Re: Copy on write for HDFS

Posted by Benjamin Reed <br...@yahoo-inc.com>.

I think you are saying that the copy never happens because there is never a 
write that will cause the copy. Copy on write is probably not the correct 
term both because there is not a write but also in the API I propose you 
don't really need to make a copy of another file, you are just basically 
grouping a set of existing blocks into a new file.

The reason I call it copy-on-write is because the data structures used are the 
same: you have a single block used by a separate file and you have a two 
files that may both reference a single block but another block in one file is 
not referenced by another file.

Anyone know a better name for this kind of semantics.

Creating one-block files doesn't help at all. Both because we don't want to 
deal with a bunch of one-block files and because even if the files are one 
block you still cannot have that one block referenced by two separate files.

ben

On Lunes 09 Julio 2007, Konstantin Shvachko wrote:
> Copy on write was discussed in HADOOP-334 in the context of periodic
> checkpointing of the name-space.
> Other than that I remember a discussion about file clone() operation,
> which makes a new inode, but uses the
> same blocks as the original file, which are copied once they are
> modified or appended.
> But this functionality would be possible only if we had at least
> appends. Since hdfs does not support
> modifications the purpose of COW is going to be only to support grouping
> of blocks from different
> (or is it just one?) files.
> I think it is possible, but very non-possix.
> And you can always create one-block files and group them in directories
> instead.
>
> --Konstantin
>
> Benjamin Reed wrote:
> > I need to implement COW for HDFS for a project I'm working on. I
> > vaguely remember it being discussed before, but I can't find any
> > threads about it. I wanted to at least check for interest/previous
> > work before proceeding. Hard links would work for me as well, but they
> > are harder to implement. I was thinking of adding the following to the
> > client protocol:
> >
> > public void cow(String src, String clientName, boolean overwrite,
> > LocatedBlocks blocks) throws IOException;
> >
> > The call would simply create a new file and populate its contents with
> > the blocks contained in the LocatedBlocks.
> >
> > Apart from fast copies, it also allows fast truncations and extensions
> > of existing files.
> >
> > (This is not a hard link because it is possible that the set of blocks
> > may not correspond to any other file.)
> >
> > Has such a thing been discussed before?
> >
> > thanx
> > ben

Re: Copy on write for HDFS

Posted by Konstantin Shvachko <sh...@yahoo-inc.com>.

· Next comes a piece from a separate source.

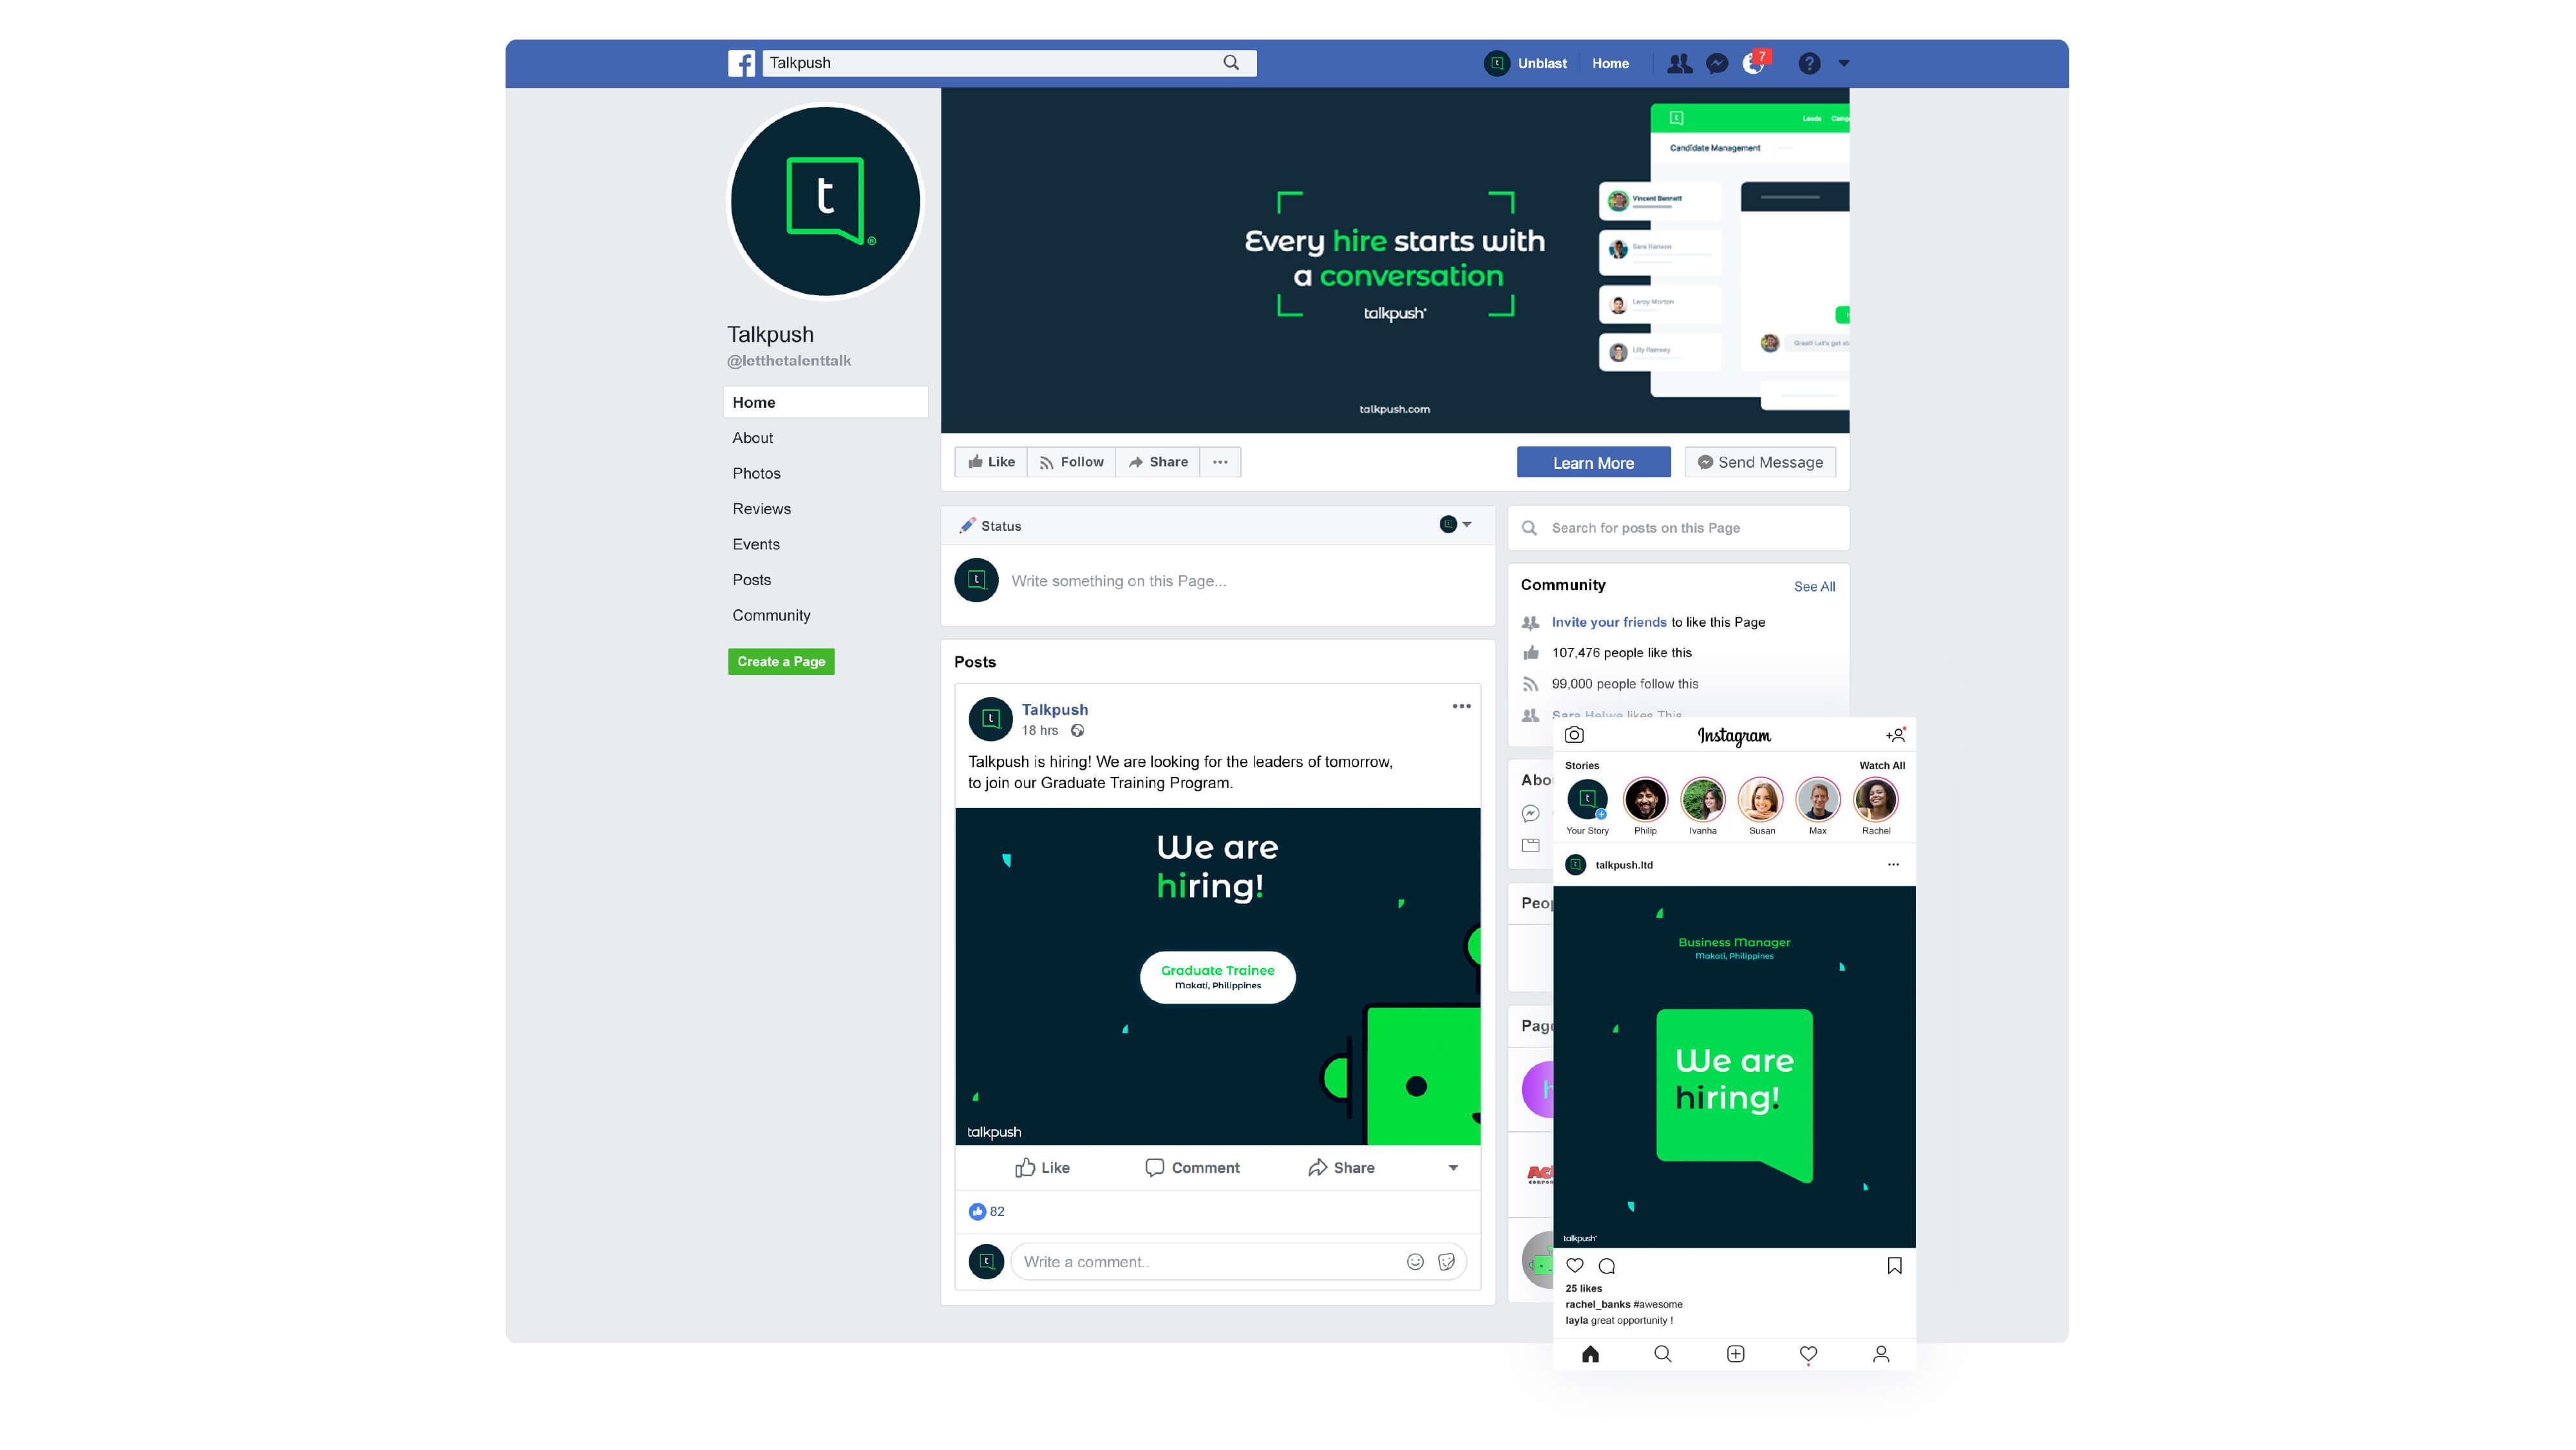 Talkpush Facebook page

Copy on write was discussed in HADOOP-334 in the context of periodic 
checkpointing of the name-space.
Other than that I remember a discussion about file clone() operation, 
which makes a new inode, but uses the
same blocks as the original file, which are copied once they are 
modified or appended.
But this functionality would be possible only if we had at least 
appends. Since hdfs does not support
modifications the purpose of COW is going to be only to support grouping 
of blocks from different
(or is it just one?) files.
I think it is possible, but very non-possix.
And you can always create one-block files and group them in directories 
instead.

--Konstantin

Benjamin Reed wrote:

> I need to implement COW for HDFS for a project I'm working on. I 
> vaguely remember it being discussed before, but I can't find any 
> threads about it. I wanted to at least check for interest/previous 
> work before proceeding. Hard links would work for me as well, but they 
> are harder to implement. I was thinking of adding the following to the 
> client protocol:
>
> public void cow(String src, String clientName, boolean overwrite, 
> LocatedBlocks blocks) throws IOException;
>
> The call would simply create a new file and populate its contents with 
> the blocks contained in the LocatedBlocks.
>
> Apart from fast copies, it also allows fast truncations and extensions 
> of existing files.
>
> (This is not a hard link because it is possible that the set of blocks 
> may not correspond to any other file.)
>
> Has such a thing been discussed before?
>
> thanx
> ben
>